I invite you to break away from the world and get to know the Awesome Power that is Christ. Whether you like it or not, whether you notice or not, He is following you wherever you go wanting to be your best friend and walk along side you. Do you wonder whether or not His friendship will last? Don't worry, it will last for eternity "'cause you're the best of friends".

Pabs

Friday, June 25, 2010

Let Your Name be Lifted Higher

Let's imagine for a moment that you're walking down the street, or wherever you may be walking, and all of a sudden, an elephant falls from the sky and onto your head.
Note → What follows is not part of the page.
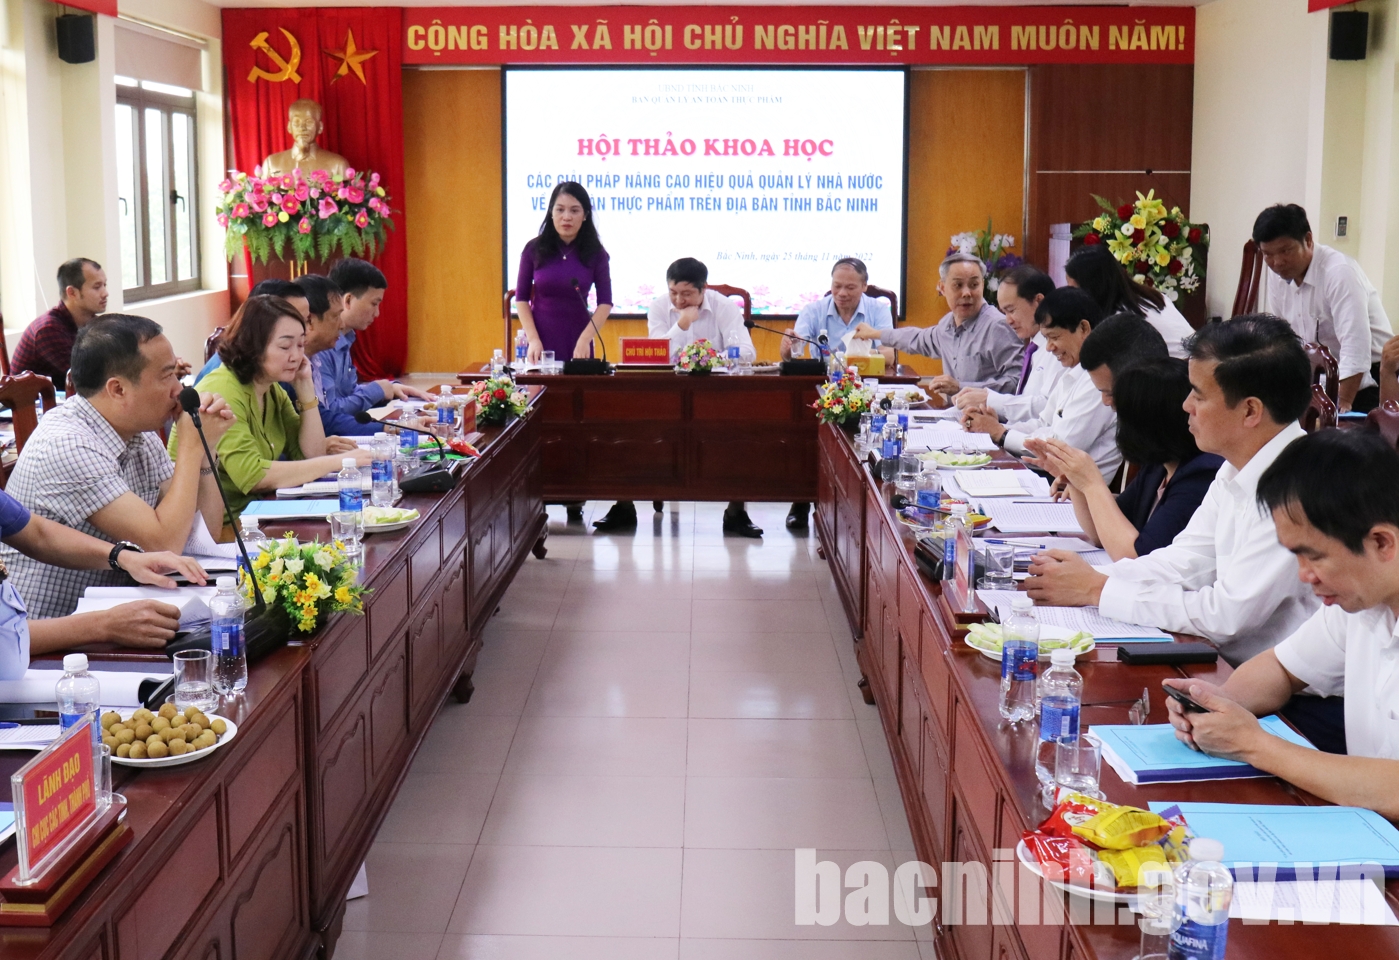 Hội thảo khoa học “Các giải pháp nâng cao hiệu quả quản lý Nhà nước về ATTP trên địa bàn tỉnh Bắc Ninh”

The elephant gets up after awhile and walks away with you stuck to his butt. It's a weird image, but that is probably the only I can describe what I felt today when I flew in the "Weightless Wonder": extreme pressure all over my body, then I was shot into the air with no pressure at all.

On board the aircraft, I was able to experience what it felt like to be weightless as well as extremely weighed down by two times my weight. This opportunity was so worth all the frustration and stress I went through. So the plane takes off and travels to a restricted air space owned by NASA I think and once it arrives there, everyone gets to their spots and waits for the parabolas to begin. For the first few parabolas, the crew wants you to adapt to the environment so you can ease into to it instead of going head on. Once I got to my station and made sure everything was ready, I laid down in front of the glove box and held on to the steel frame of the table it was sitting on just waiting for the amazing experience to begin. At first I felt the elephant just squeezing the life out of me and as soon as I felt him, I felt extremely light. Almost instantly, I saw my feet just rise before my very eyes and soon after, my whole body went with it! I tried to hang on the to table, but I just couldn't stay down! I floated to the top and my body felt as though the ceiling was the floor and vice versa! Throughout the entire flight, I was just in extreme awe that I was floating, I barely got any research done! Besides the experiment, I twisted, turned, rolled, flipped and twirled around in the air with ease! It is something that I can not and will not forget about in the near future.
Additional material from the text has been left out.